In a 4 player game you will need about 50 points to be sure of a win. Even with 7 battles (!) going your way you still need 22 points from your cities wich will not work if you dont have all of them in the top 3.
Another problem for military players (especially if more then one player builds a big army is the number of turns you spend on buying troop tiles. Players with a small army will advance the ages very quickly and limit the number of wars dramatically.

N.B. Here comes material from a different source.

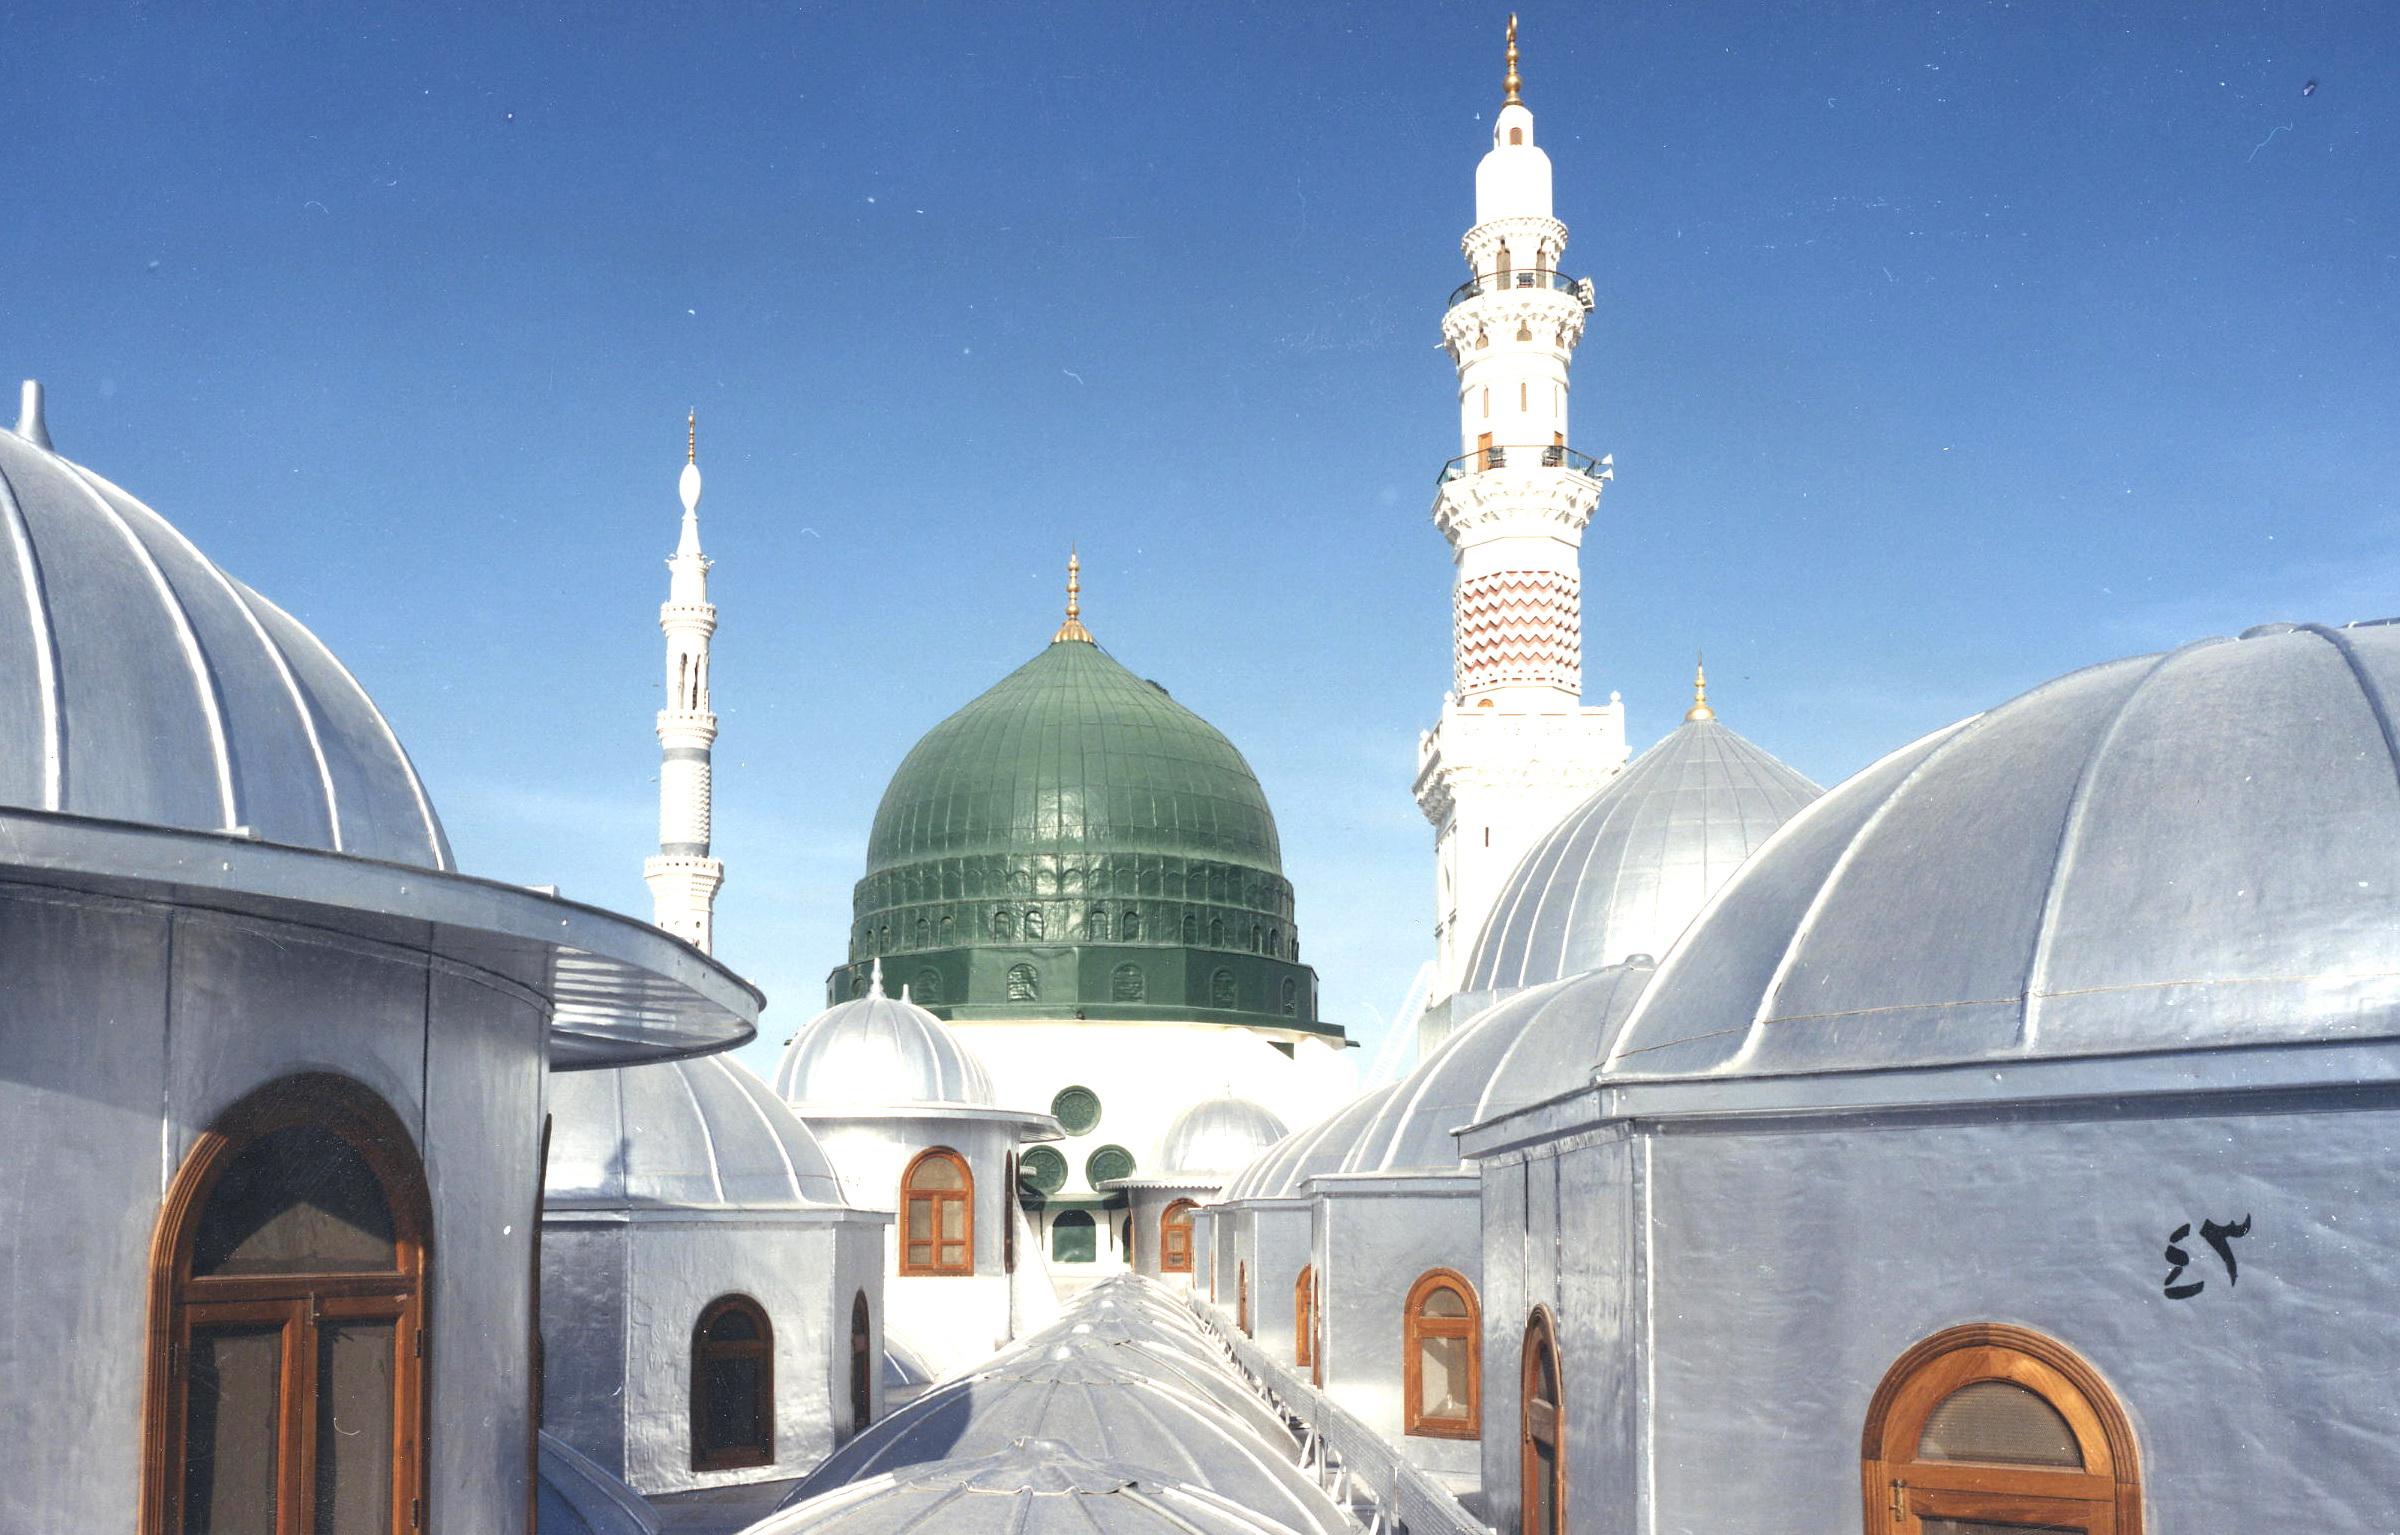 بالصور صور المدينة المنورة , اجمل بقاع العالم 1216 4
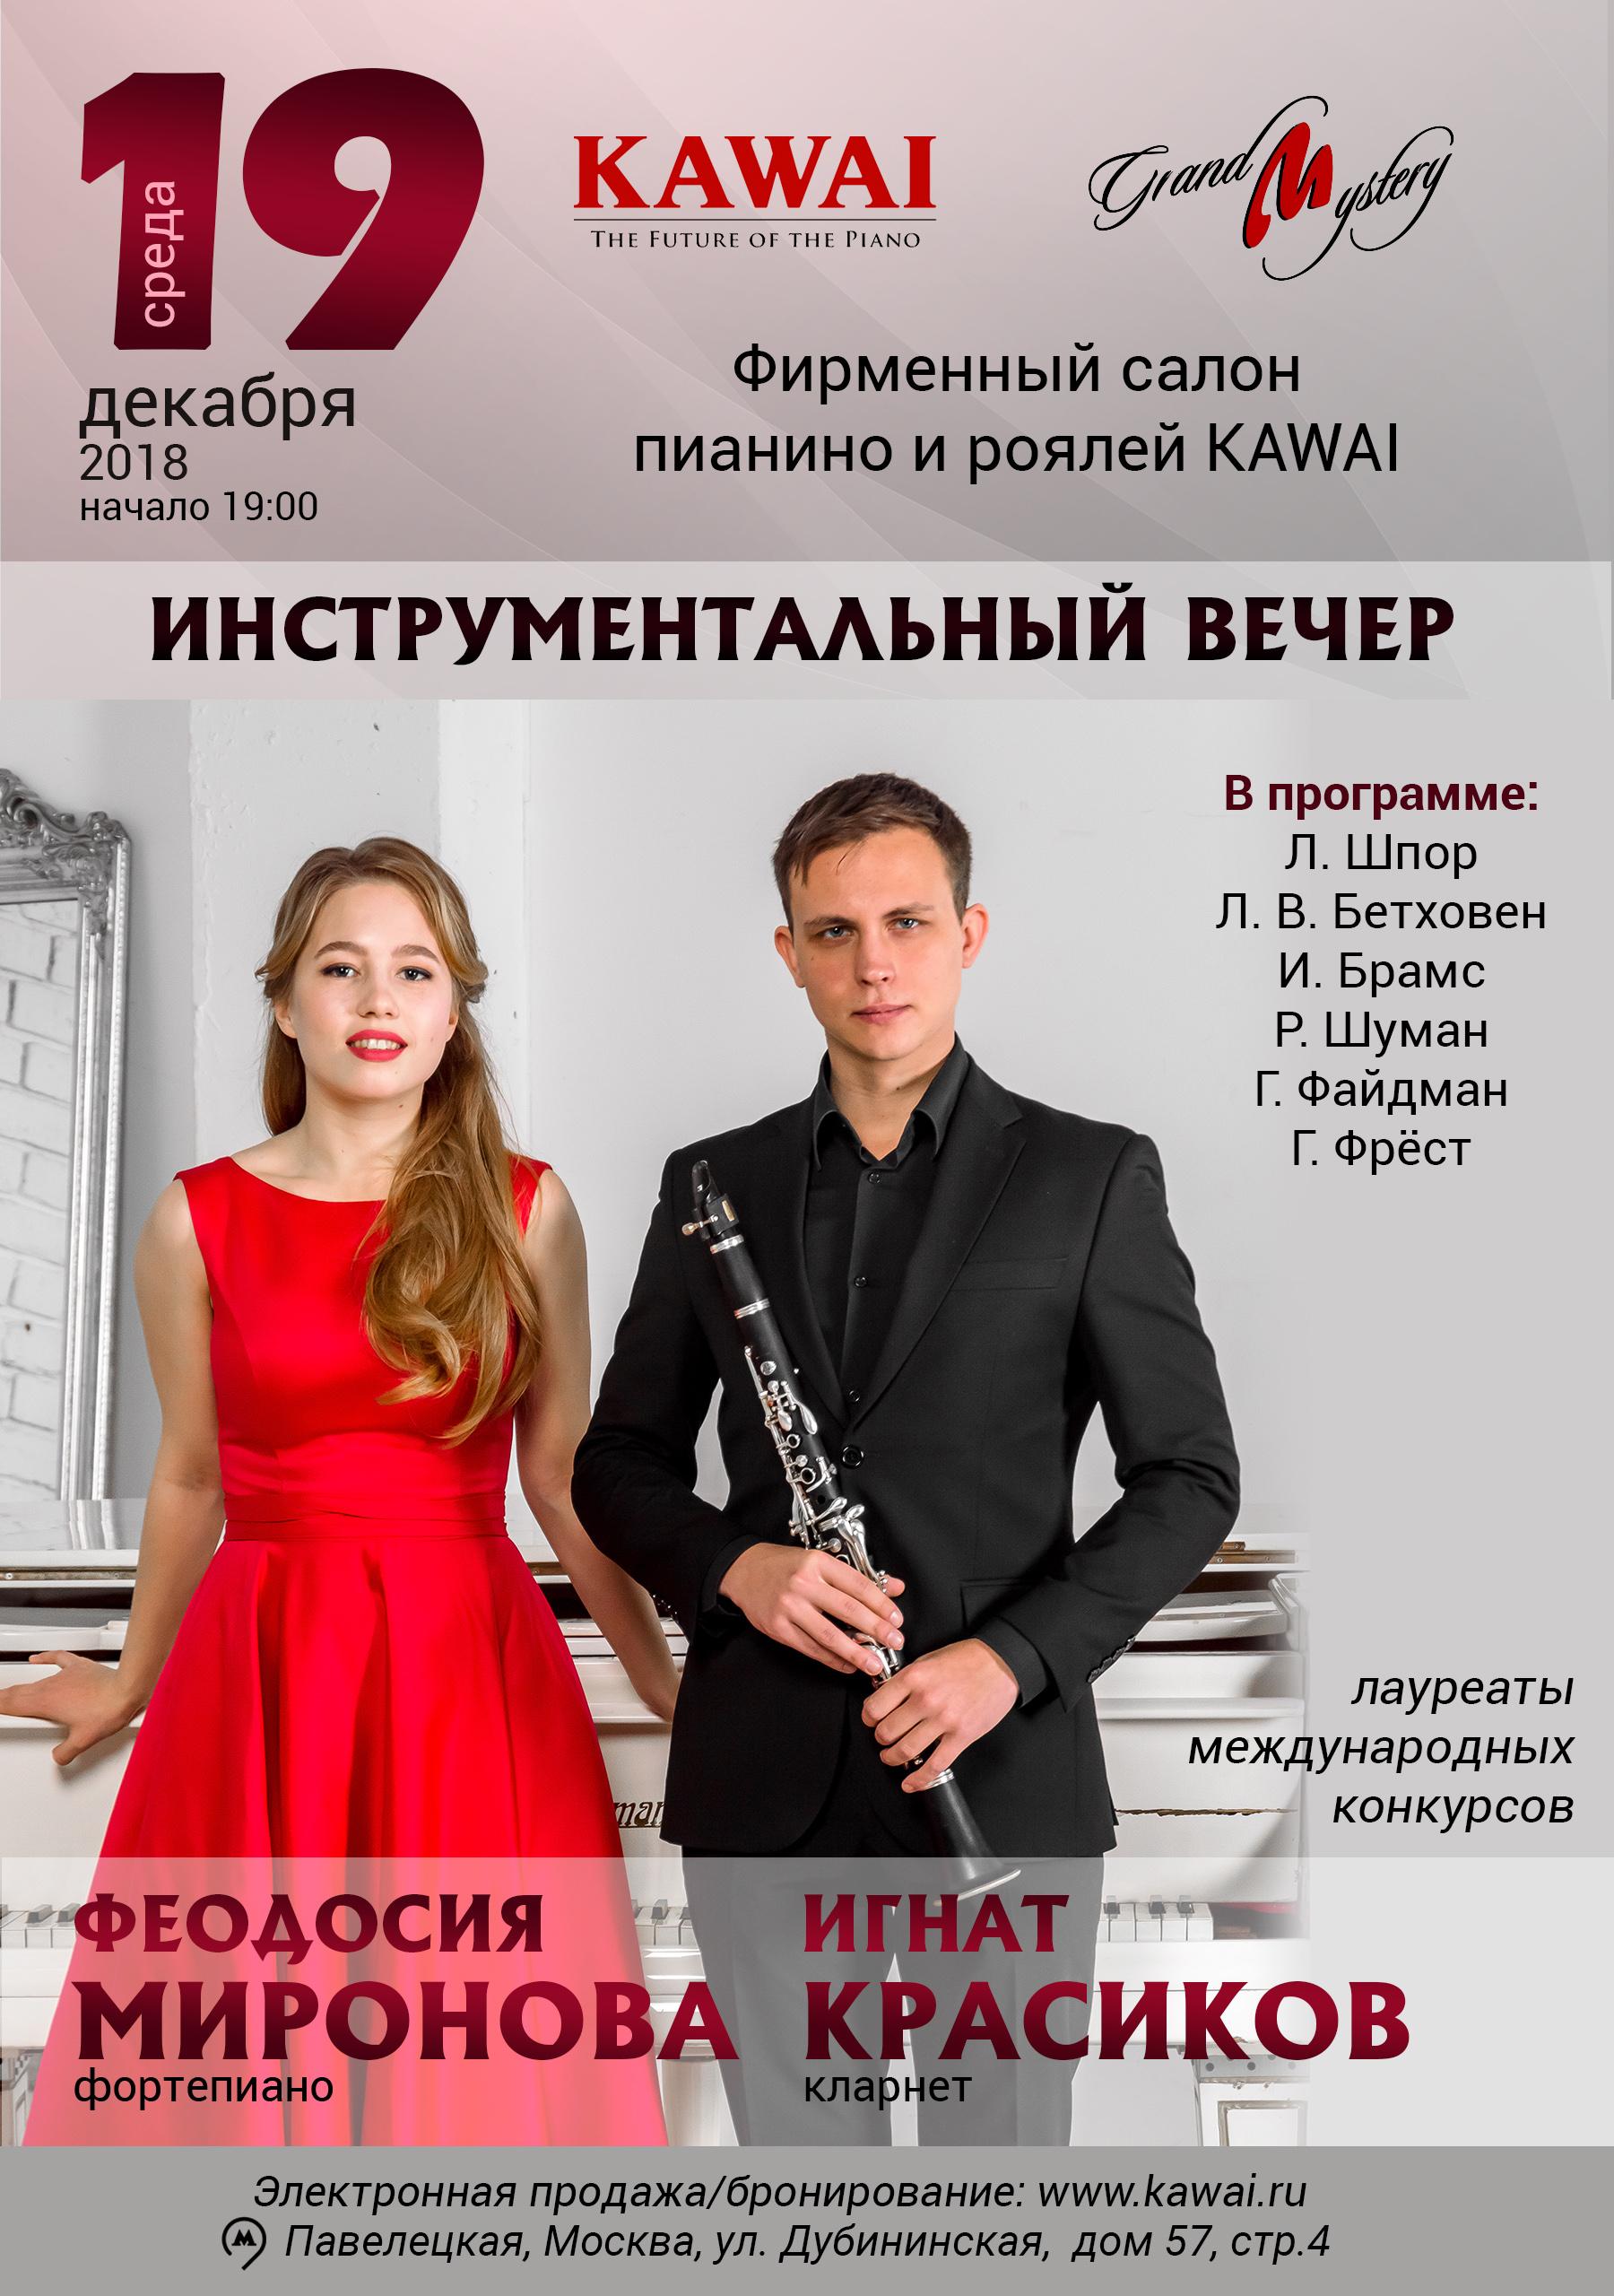 Инструментальный вечер Феодосии Мироновой и Игната Красикова

In short, I am not convinced (Neither by experience nor by your arguments) that a 3-4 player game automatically goes to the strongest military player. A combined merchant/ fall guy strategy is as strong, a jack of all trades is stronger than any terminator...
Re:Pitt Crandlemire's strategic analysis
This is a simple game with complex strategies. You need at least 2 strategies to win, relying on one just doesn't work. If someone has an ATTACK strategy then start wars attacking his city. Use the reverse on a defensive player. You have to diversify and play carefully. One bad auction or 2 point loss of status can doom a single strategy player. I agree that the "Jack of all Trades" is the best as long as you have competant players realizing what someone is trying to do. Tremendous game that has infinite replay.